Output the full listing exactly as written, with no pictures in it.

### PROVIDED MATERIAL:
====

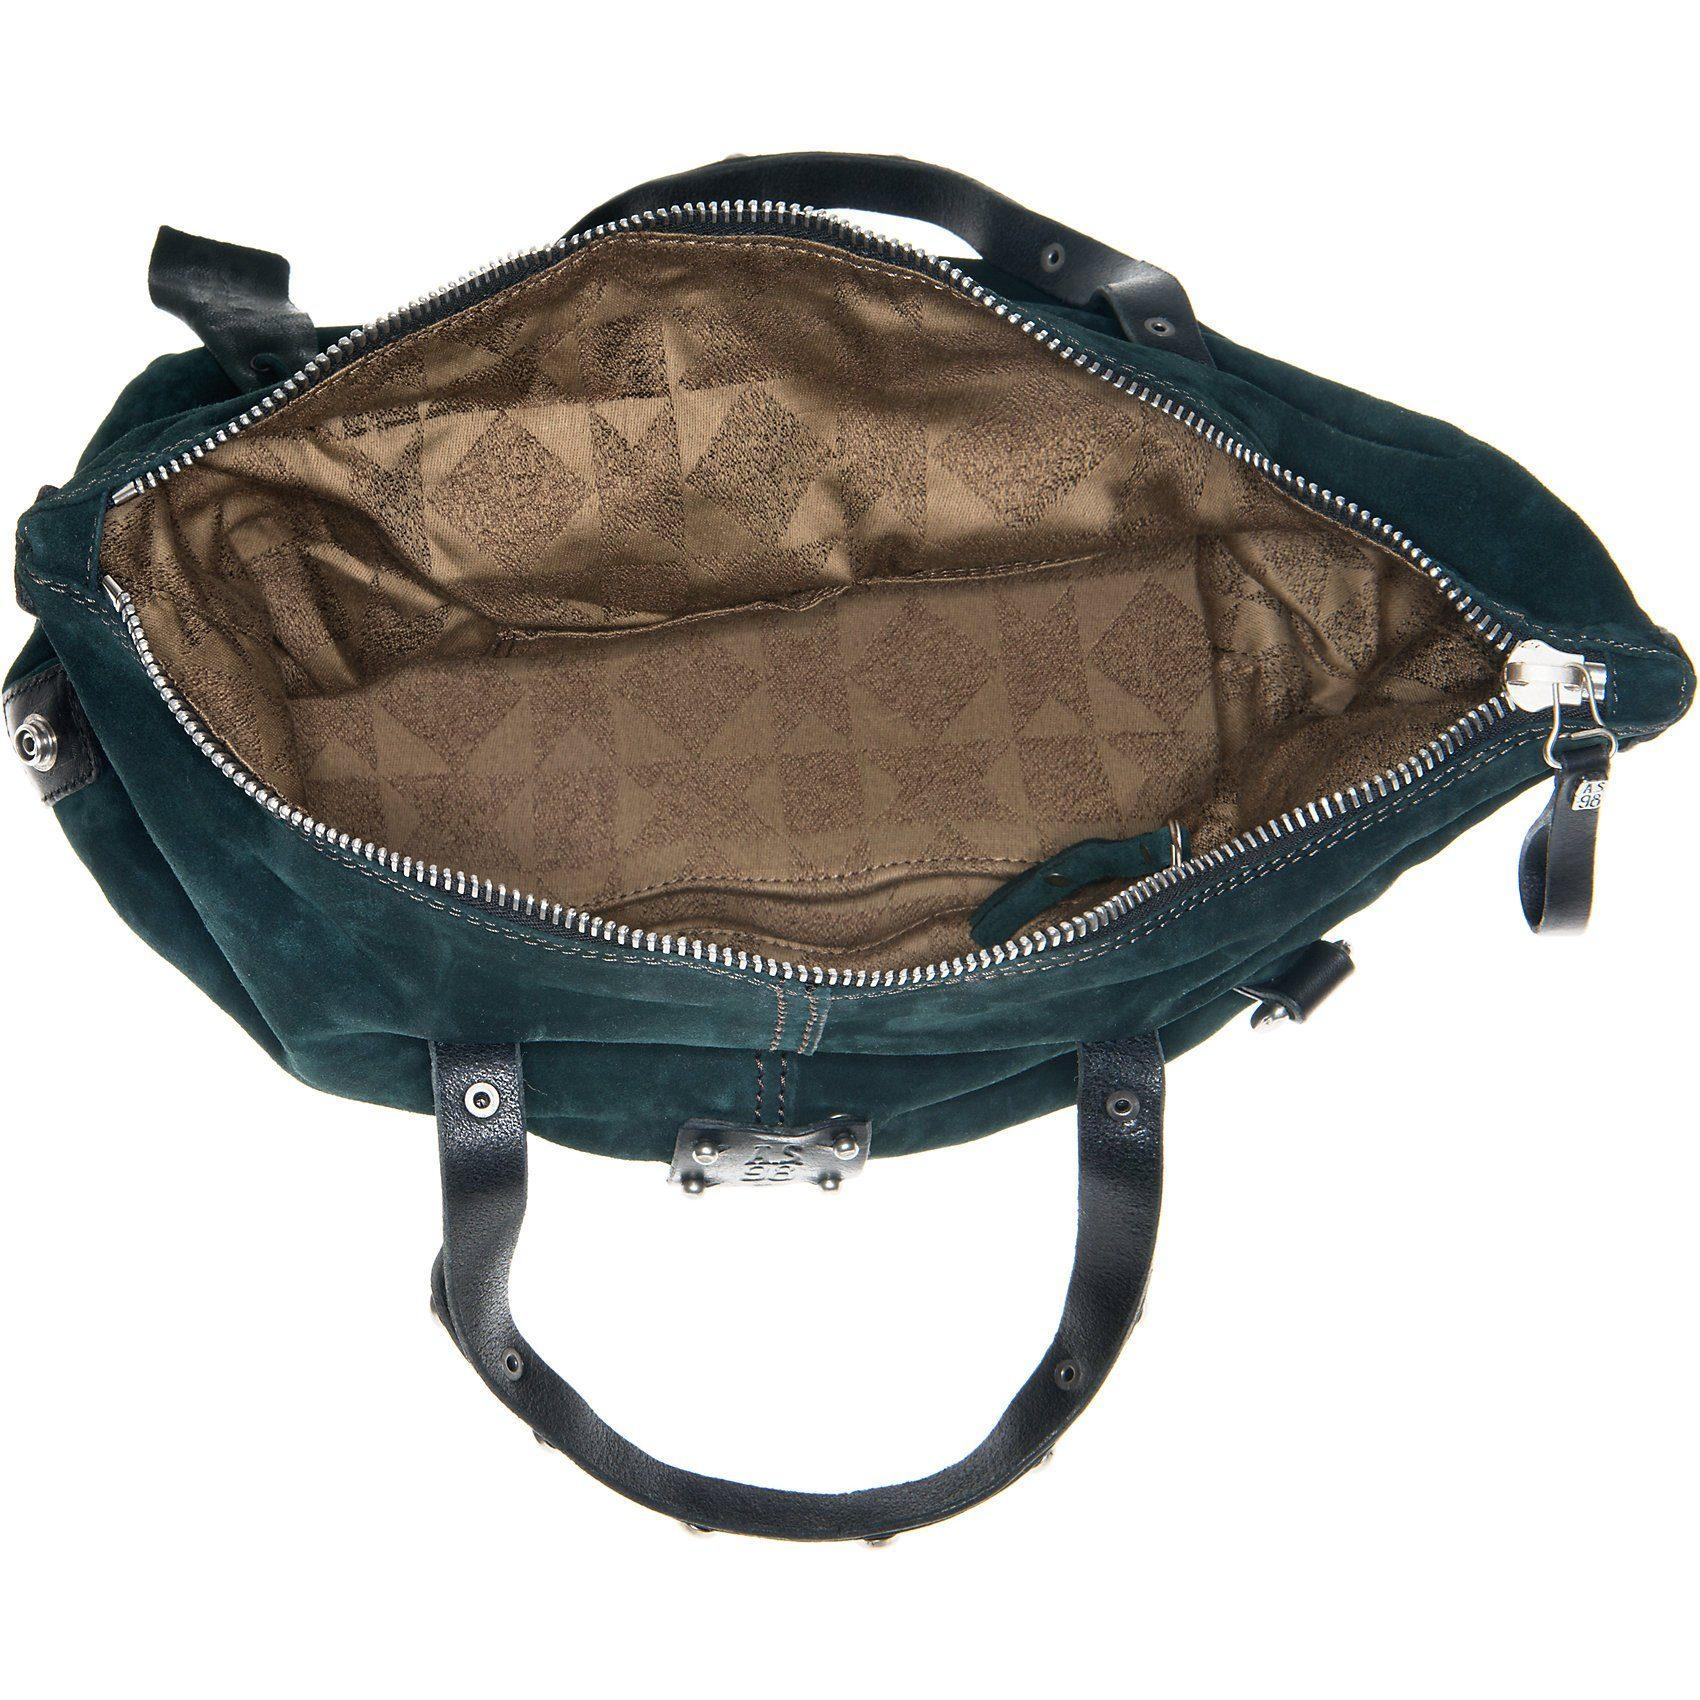 A.s.98 Handtaschen in Grün Lz3XG
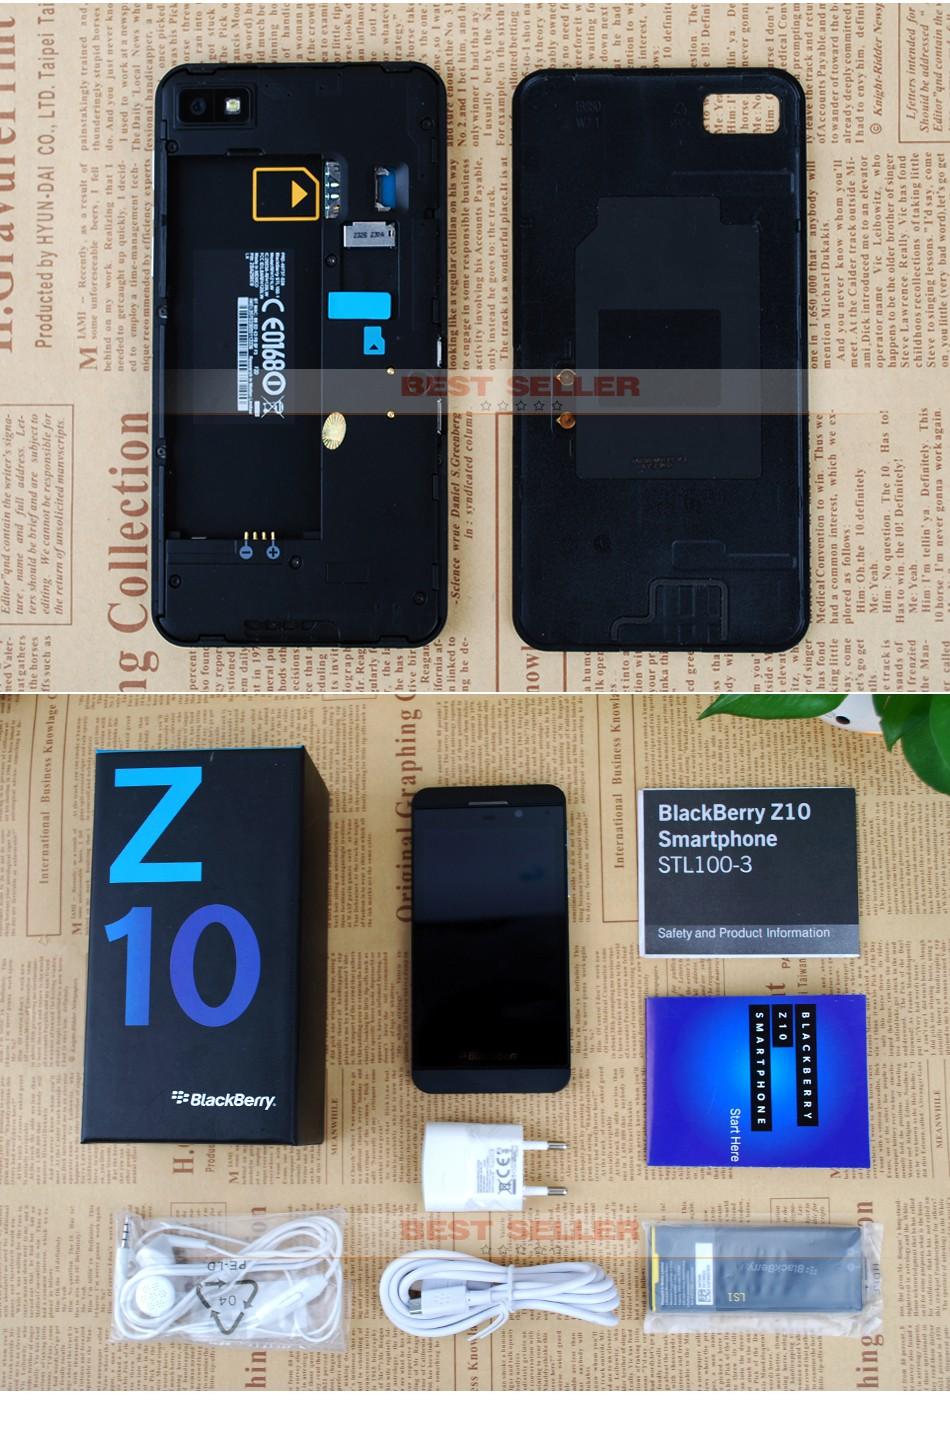 Unlocked Original Blackberry Z10 3G 4G Smartphones NFC GPS WIFI 4.2 inch Touch Mobile Phones 2+16GB white 5
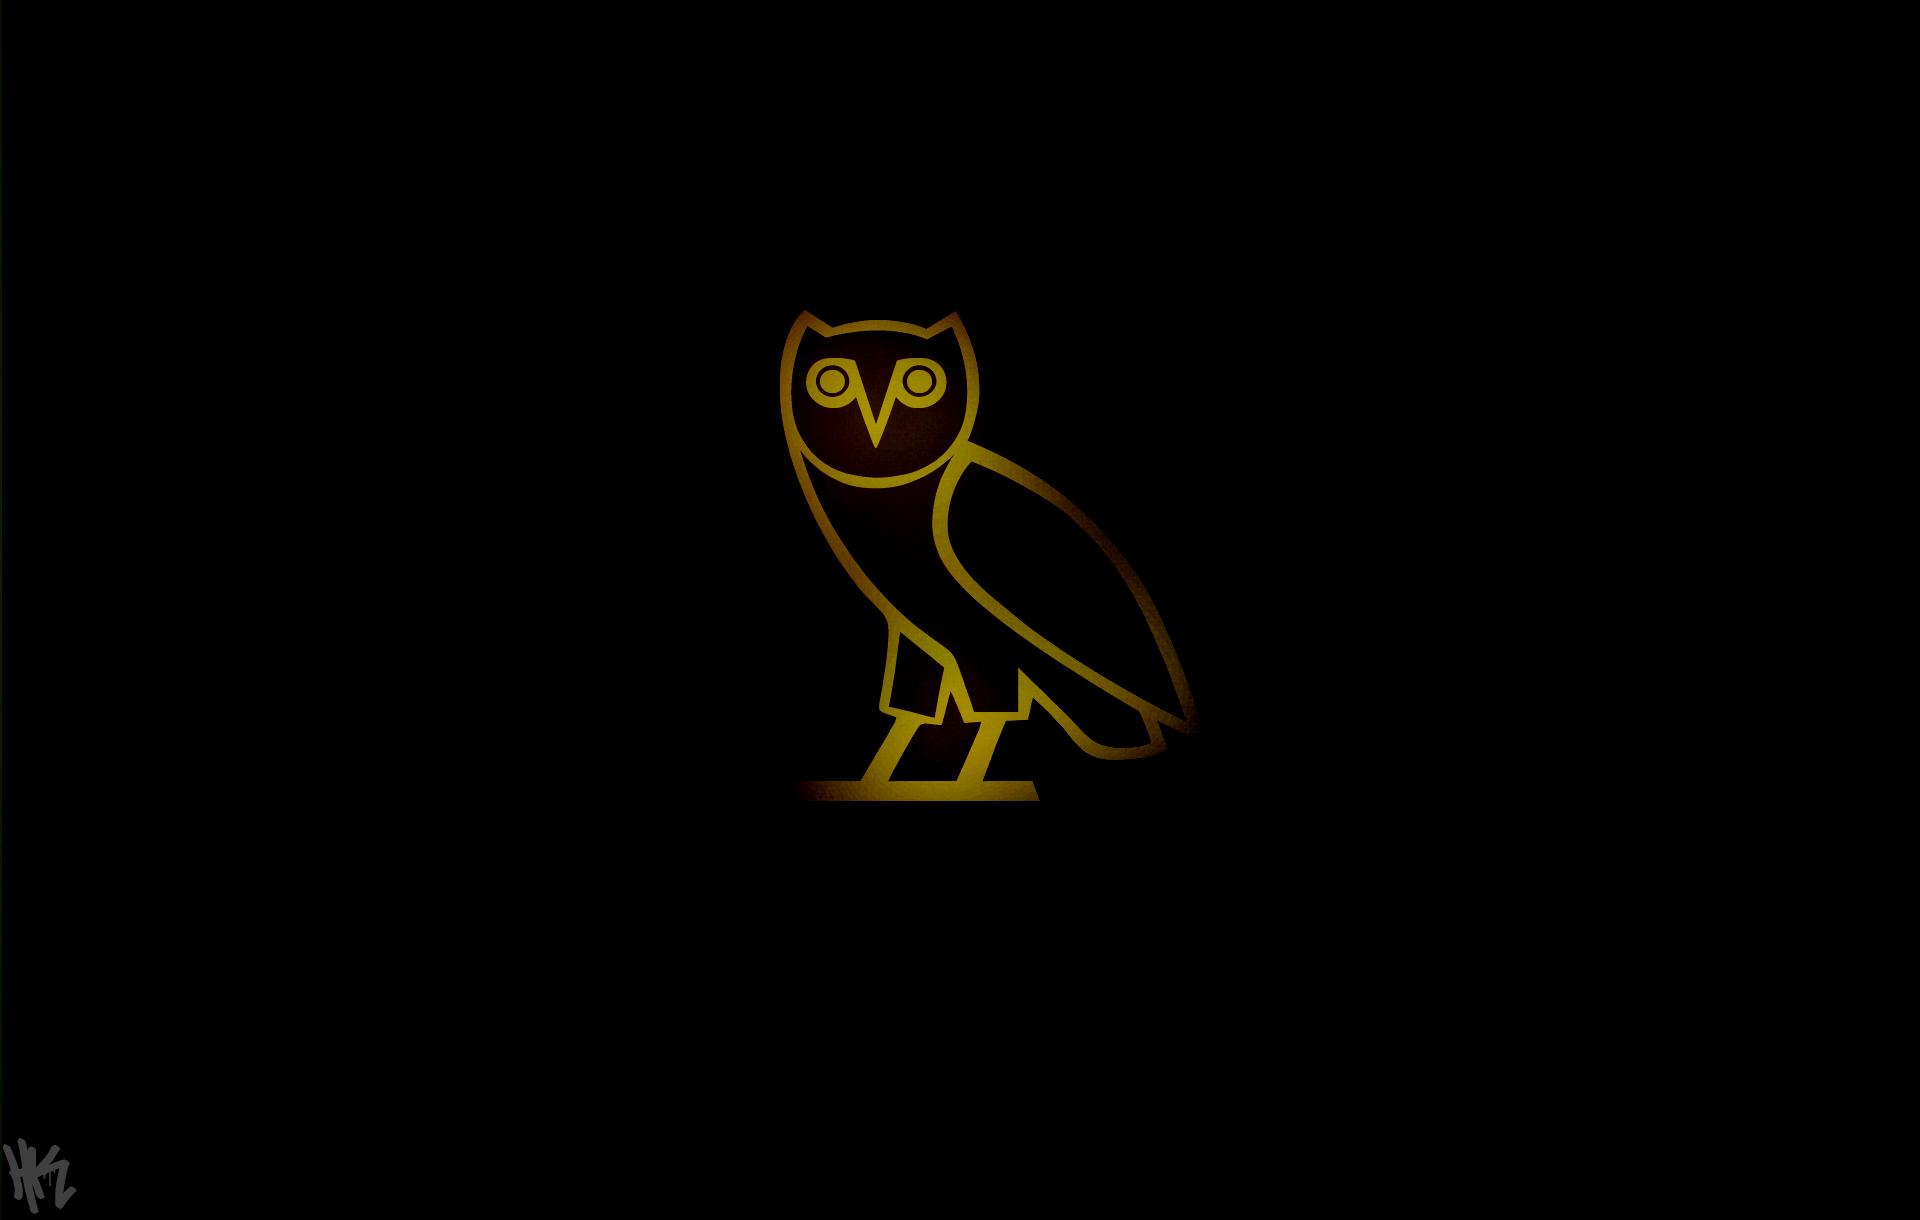 Drake Owl OVO IPhone Wallpaper

====

### RESPONSE:
 A.s.98 Handtaschen in Grün Lz3XG
 Unlocked Original Blackberry Z10 3G 4G Smartphones NFC GPS WIFI 4.2 inch Touch Mobile Phones 2+16GB white 5
 Drake Owl OVO IPhone Wallpaper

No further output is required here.